Yeni keşfedilen gezegen, bilim insanlarını şaşırttı: Devasa atmosfer nereye gitti?

Yeni gezegen "alışılmadık derecede yoğun"

TOI-332b her yönüyle sıradışı bir gezegen diye nitelendi (Warwick Üniversitesi)
TOI-332b her yönüyle sıradışı bir gezegen diye nitelendi (Warwick Üniversitesi)
TT

Yeni keşfedilen gezegen, bilim insanlarını şaşırttı: Devasa atmosfer nereye gitti?

TOI-332b her yönüyle sıradışı bir gezegen diye nitelendi (Warwick Üniversitesi)
TOI-332b her yönüyle sıradışı bir gezegen diye nitelendi (Warwick Üniversitesi)

Yeni keşfedilen bir ötegezegen, gökbilimcilere şaşırtıcı bir sorun sundu.
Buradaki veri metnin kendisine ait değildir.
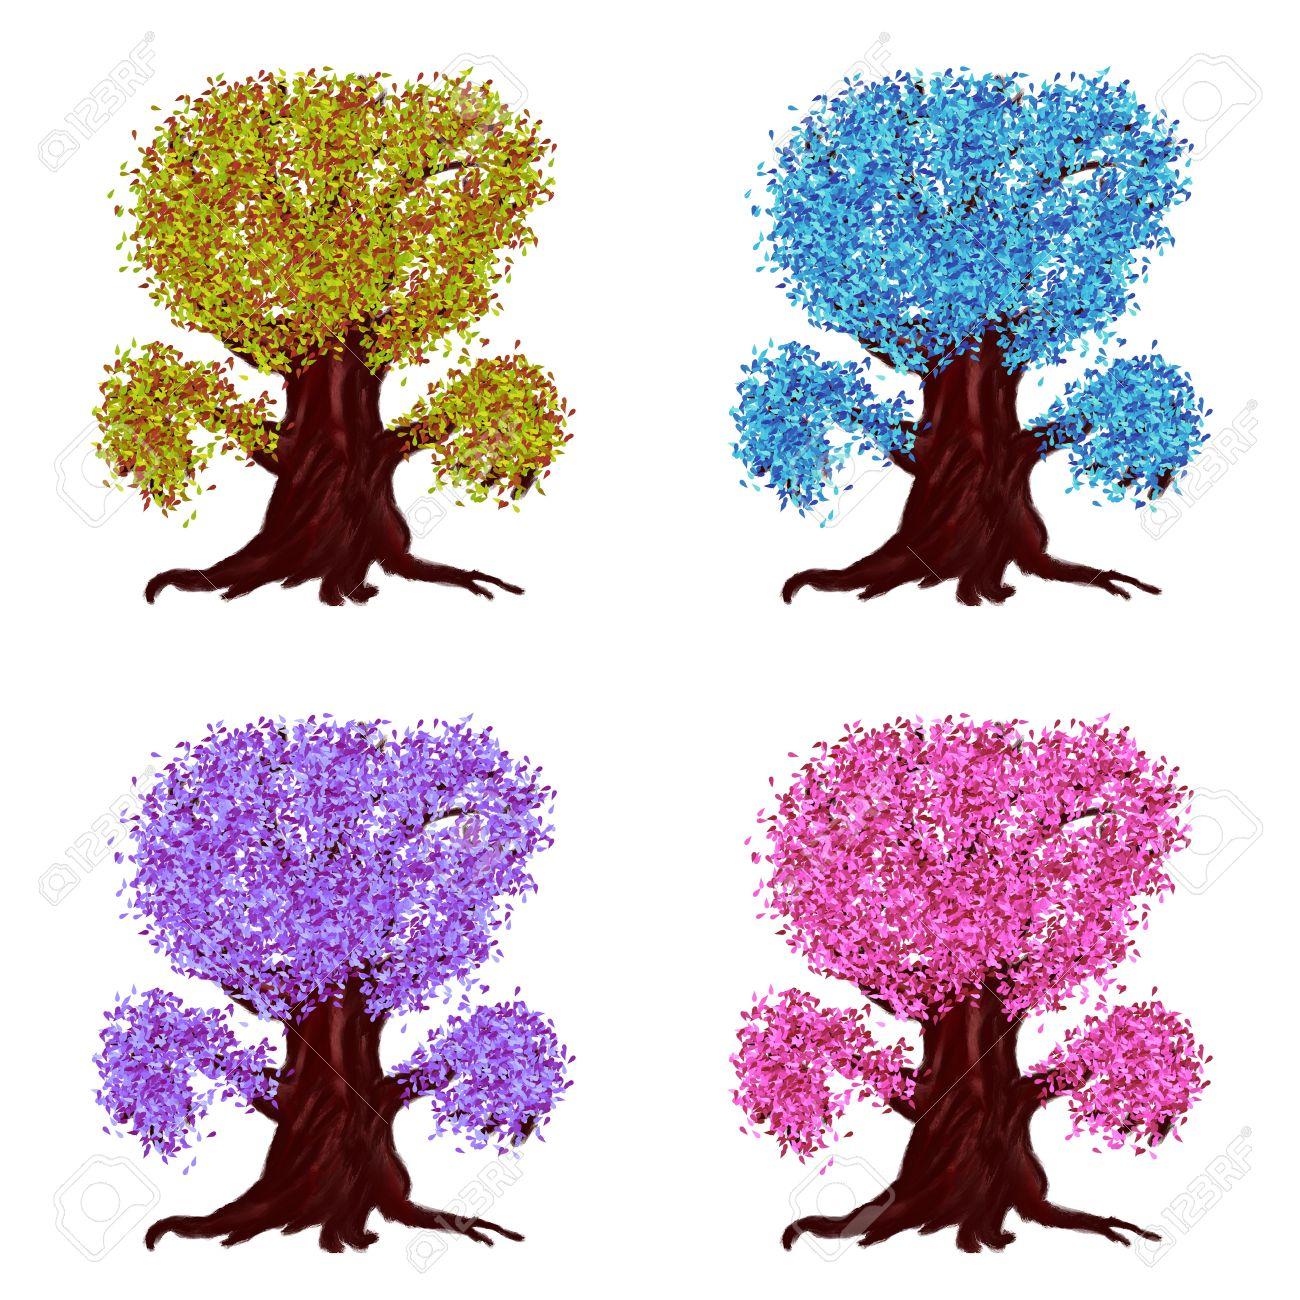 Ilustración Digital Abstracta De árboles De Fantasía De Dibujos Animados  Con Hojas De Diferentes Colores. Fotos, Retratos, Imágenes Y Fotografía De  Archivo Libres De Derecho. Image 16003461.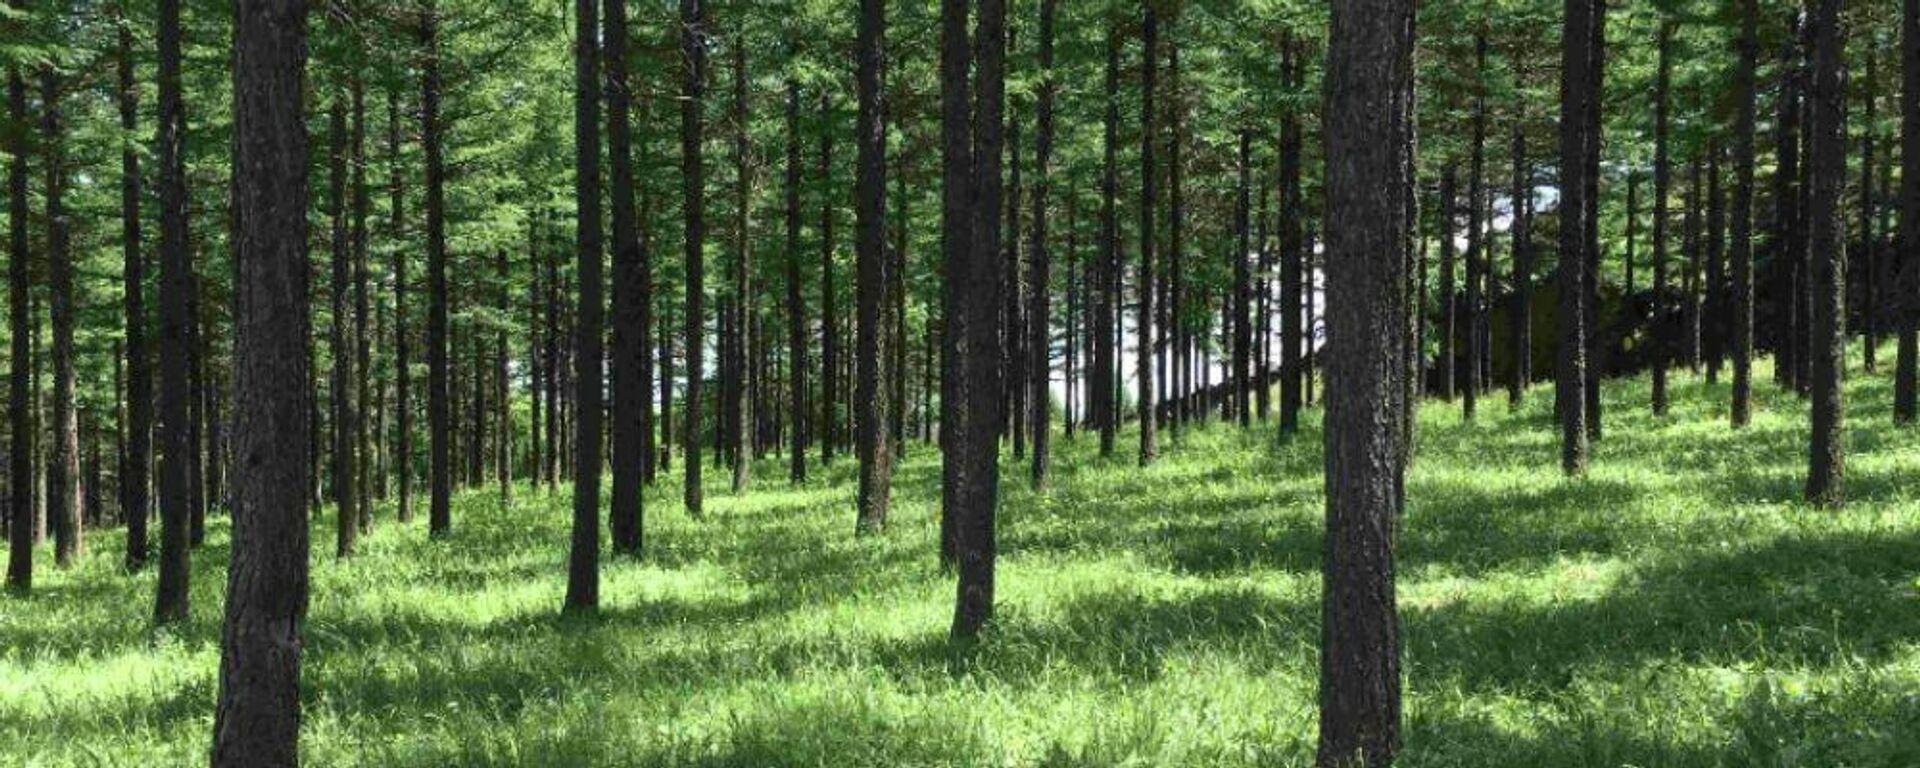 Το μεγαλύτερο αναδασωμένο δάσος στον κόσμο - Sputnik Ελλάδα, 1920, 08.10.2021

Gözlemler, bu gezegenin sıradışı biçimde devasa atmosferini kaybettiğini gösteriyor.

TOI-332b diye adlandırılan cismin fiziksel özellikleri ve yıldızına olan yörüngesel uzaklığının mevcut gezegen oluşumu teorisiyle açıklanması zor.

Birleşik Krallık'taki Warwick Üniversitesi'nden astrofizikçi Ares Osborn liderliğindeki ekip, yeni gezegenin "alışılmadık derecede yüksek yoğunluğa sahip olduğunu" belirtti.

Neptün büyüklüğündeki bu gezegenin, yıldızına epey yakın bir yörüngede dönmesi de bilim insanlarını şaşırttı.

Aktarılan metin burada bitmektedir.